Ülkemizin de yer aldığı kuzey yarımkürede kış mevsimi Aralık, Ocak ve Şubat’la tarif edilir. Adı geçtiğinde bile bazen ürperdiğimiz o soğuk, o titreten, o karlı-buzlu, ağırbaşlı, bol yağışlı kışı göremedik. Üç beş gün, üstümüze güler gibi üfürdü, tozu toprağı azıcık süpürdü ve gitti. Yağmura da, soğuğa da hasret kaldık mı, kaldık yani…

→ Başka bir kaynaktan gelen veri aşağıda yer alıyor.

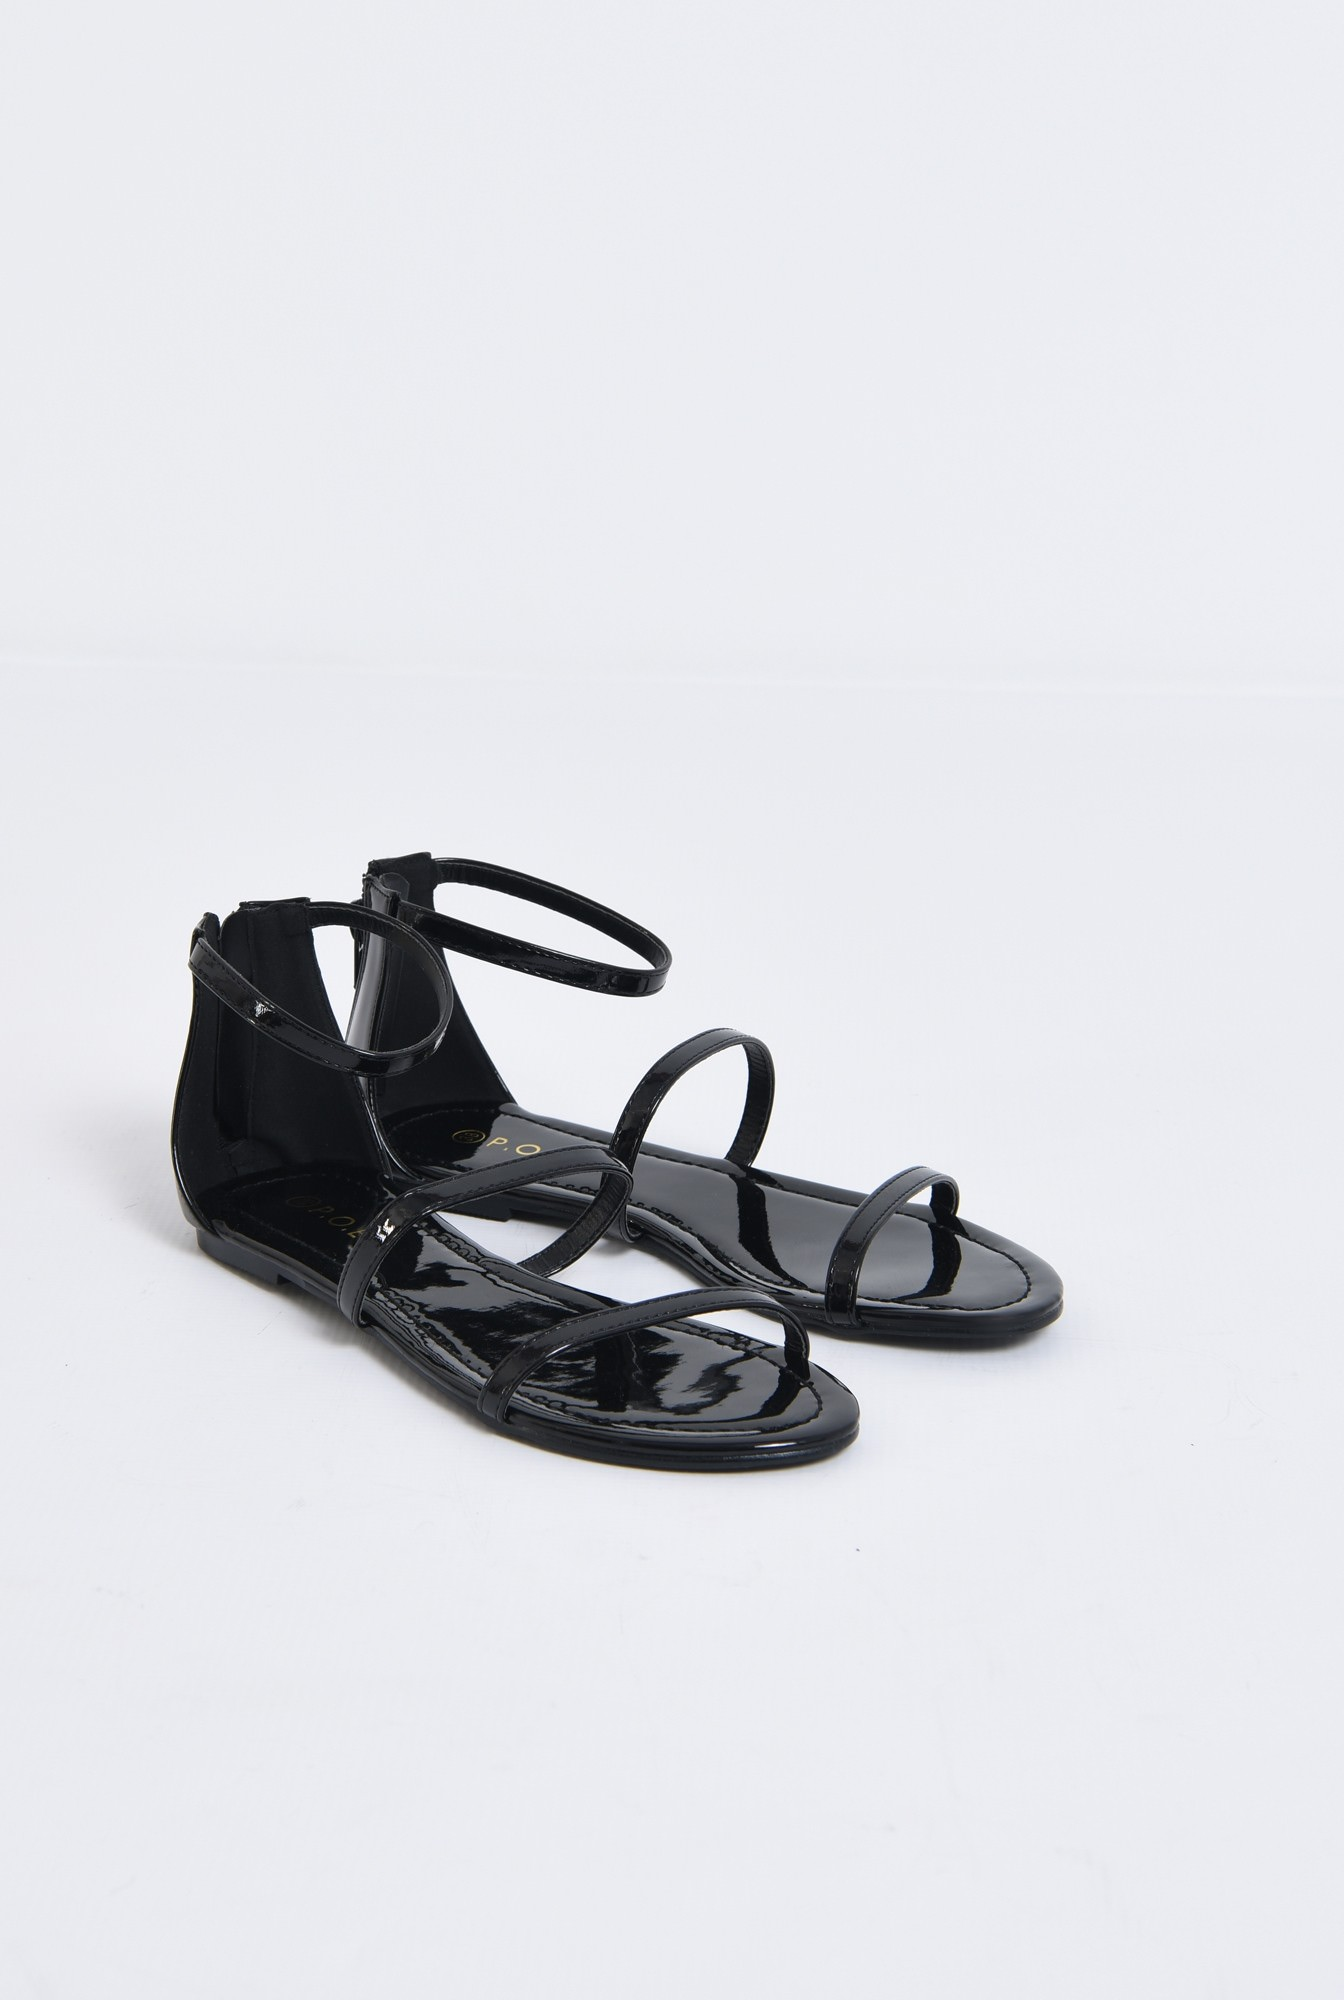 1 - sandale casual, cu talpa joasa, barete subtiri

Yine Adana için ve yine 91 yıllık kayıtlara baktığımızda, ortalama sıcaklık olarak Aralık’ta 11.2, Ocak’ta 9.5 ve Şubat’ta 10.6 dereceleri görüyoruz. Doğru düşünebilmek için bayağı eğri oturuyorum ve diyorum ki geçtiğimiz üç ayda böyle gün ortalaması göremedik. Bilir misiniz ki, 19 Aralık 1953’te eksi 4.4; 25 Ocak 2019’da eksi 8.1 dereceye kadar düşmüştü ısı. 9 Şubat 1949’da da eksi 6.6 dereceyi görmüşüz. Son üç ayda sıfır bile şöyle yalandan bir dokunup kayboldu.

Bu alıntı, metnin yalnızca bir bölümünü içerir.